This is a sincere thank you to Mr. Eddie Bonine.
The Executive Director of the Louisiana High School Athletic Association, and his support staff, deserve a 60,000-capacity stadium filled with praise, accolades and appreciation for what the LHSAA was able to accomplish this week up in Natchitoches.
This was a feat which seemed dishearteningly impossible only a few months ago.
The LHSAA wrapped up its annual Prep Classic on Wednesday night at Turpin Stadium on the campus of Northwestern State University.
Not even a tornado warning – that briefly stopped the Class 3A title game earlier – would prevent the LHSAA from hosting and completing all nine title games.
Also deserving of high praise are the folks at NSU who helped put on an excellent Prep Classic with President Chris Maggio picking up trash between games to Athletic Director Greg Burke working the ticket booth. The Demons were phenomenal, but this thank you is for Bonine and the LHSAA.
With the LHSAA facing its most daunting year since 2005 when Hurricane Katrina forever left its destructive mark on the state, the often-embattled Bonine rose to the occasion.
He did so by providing a steady and strong hand of leadership, and did so with an even-tempered mentality. Bonine was the leader the state needed.
It began earlier this year, with the state being able to get in the basketball championships right before the COVID-19 pandemic began sweeping over the state. Bonine tried to keep the softball and baseball seasons alive, but his hand was forced due to restrictions put in place by the government as the cases climbed throughout the spring.
Even when things appeared dire in late summer, when completing the 2020 football season seemed like a daydream, Bonine did not resort to knee jerk reactions and decisions. Instead, he wisely moved to push back the start of the season and reduce the regular season schedule; both moves resulted in having championships.
Finally, Bonine had the foresight to see a possible issue with the title games held in their traditional home of the Mercedes-Benz Superdome – with New Orleans’ restrictions to fan attendance and large gatherings. Thus the move of the games to Natchitoches.
The turnaround is to put it bluntly – stunning.
Bonine ruffled feathers from I-20 all the way down to south of I-10 immediately after taking office. The issue many had with Bonine was that his approach was refreshingly direct but also at times bombastic and controversial.
There was the blasting of the state’s officials association (LHSOA) on a radio show, or the email calling the LHSAA a “proverbial dumpster fire.” Bonine never steered away from speaking, especially in the public forum, and not everyone was thrilled.
Not helping the developing contentious relationship between Bonine and the schools were the punishments that he unabashedly handed down with a sledgehammer to some of the state’s biggest brand names.
Southern Lab was stripped of two Division IV state titles and a runner-up finish for recruiting violations, West Monroe’s coach Jerry Arledge was suspended for player tampering, Amite was suspended from the state semifinals for on-field fight, and there was, of course, the stripping of a state championship and the forfeit of 20 games by the nation’s winningest high school coach, J.T. Curtis of powerhouse John Curtis.
Things got so contentious that committee board members and principals were secretly trying to oust Bonine from his office in Baton Rouge – a coup that only came to light because of a Freedom of Information Act request.
Yet, since that tumultuous beginning to his tenure, Bonine has steadied the ship of high school sports. He masterfully led the LHSAA through 2017’s historic flooding and has improved the organization’s financial situation, which was dire when he took over.

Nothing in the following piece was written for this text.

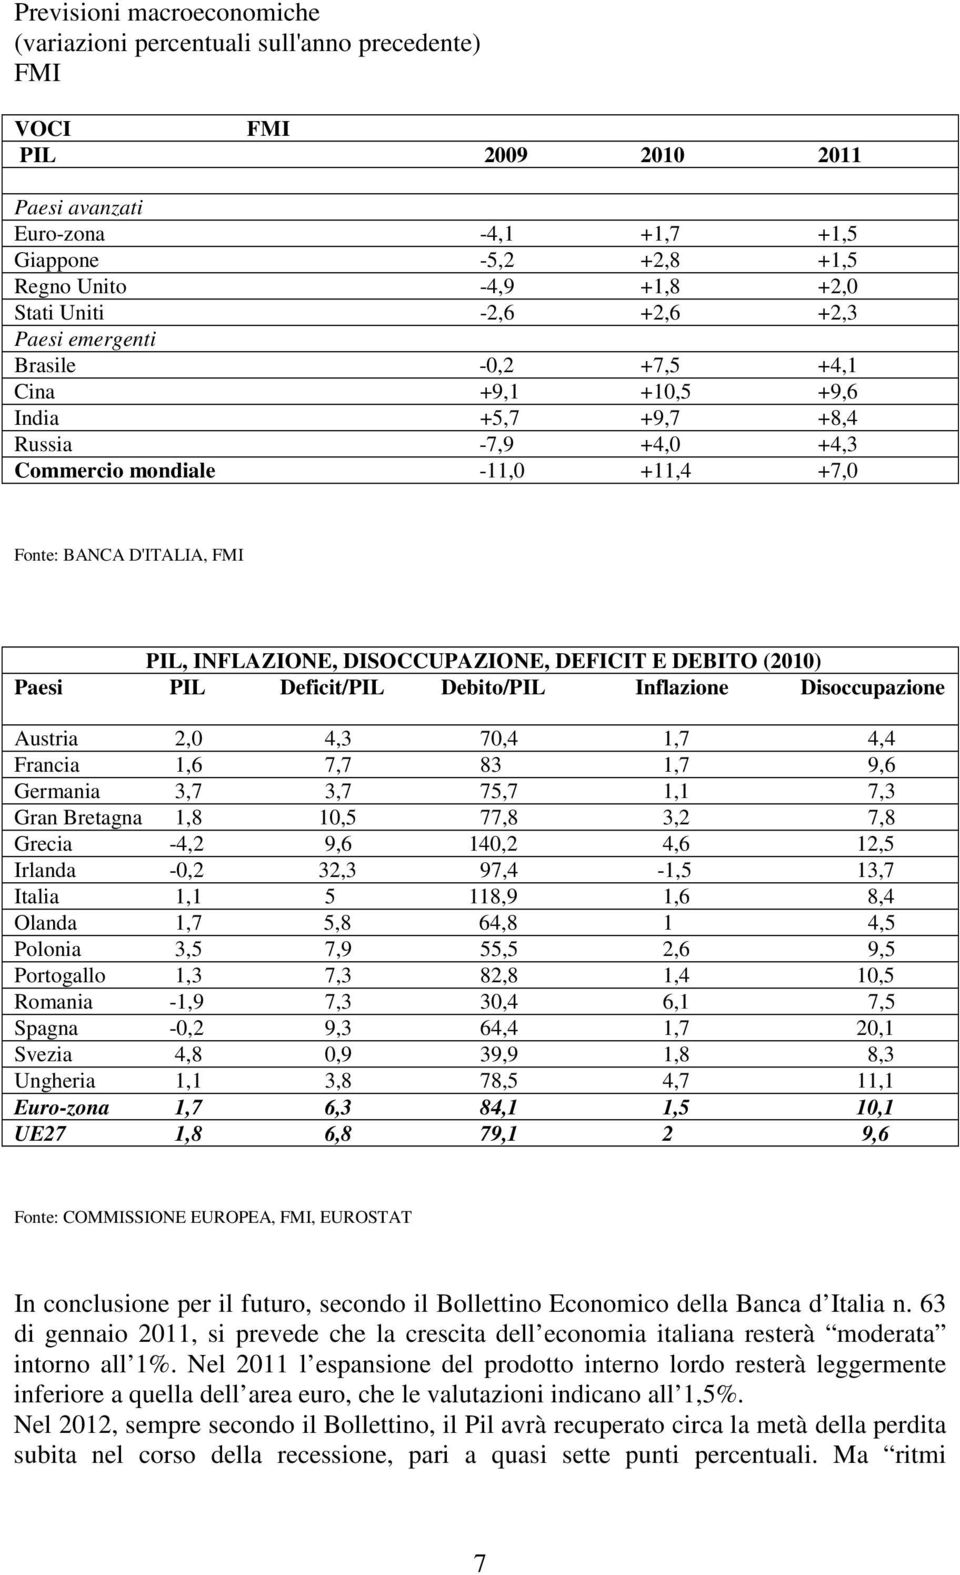 INFLAZIONE, DISOCCUPAZIONE, DEFICIT E DEBITO (2010) Paesi PIL Deficit/PIL Debito/PIL Inflazione Disoccupazione Austria 2,0 4,3 70,4 1,7 4,4 Francia 1,6 7,7 83 1,7 9,6 Germania 3,7 3,7 75,7 1,1 7,3

Yes, he has failed to yet bring the state’s postseasons back into one. In fact, the infamous split which he inherited has seemingly only widened under his watch, but to be fair, he may not have fully realized just how deep the resentment was for parties on both sides.
But as we enter the new year, there is now a sense of hope that the two sides could come back together as one again, and that the LHSAA will find a way to have all sports crown champions 2021 – and for that Eddie Bonine deserves our thanks.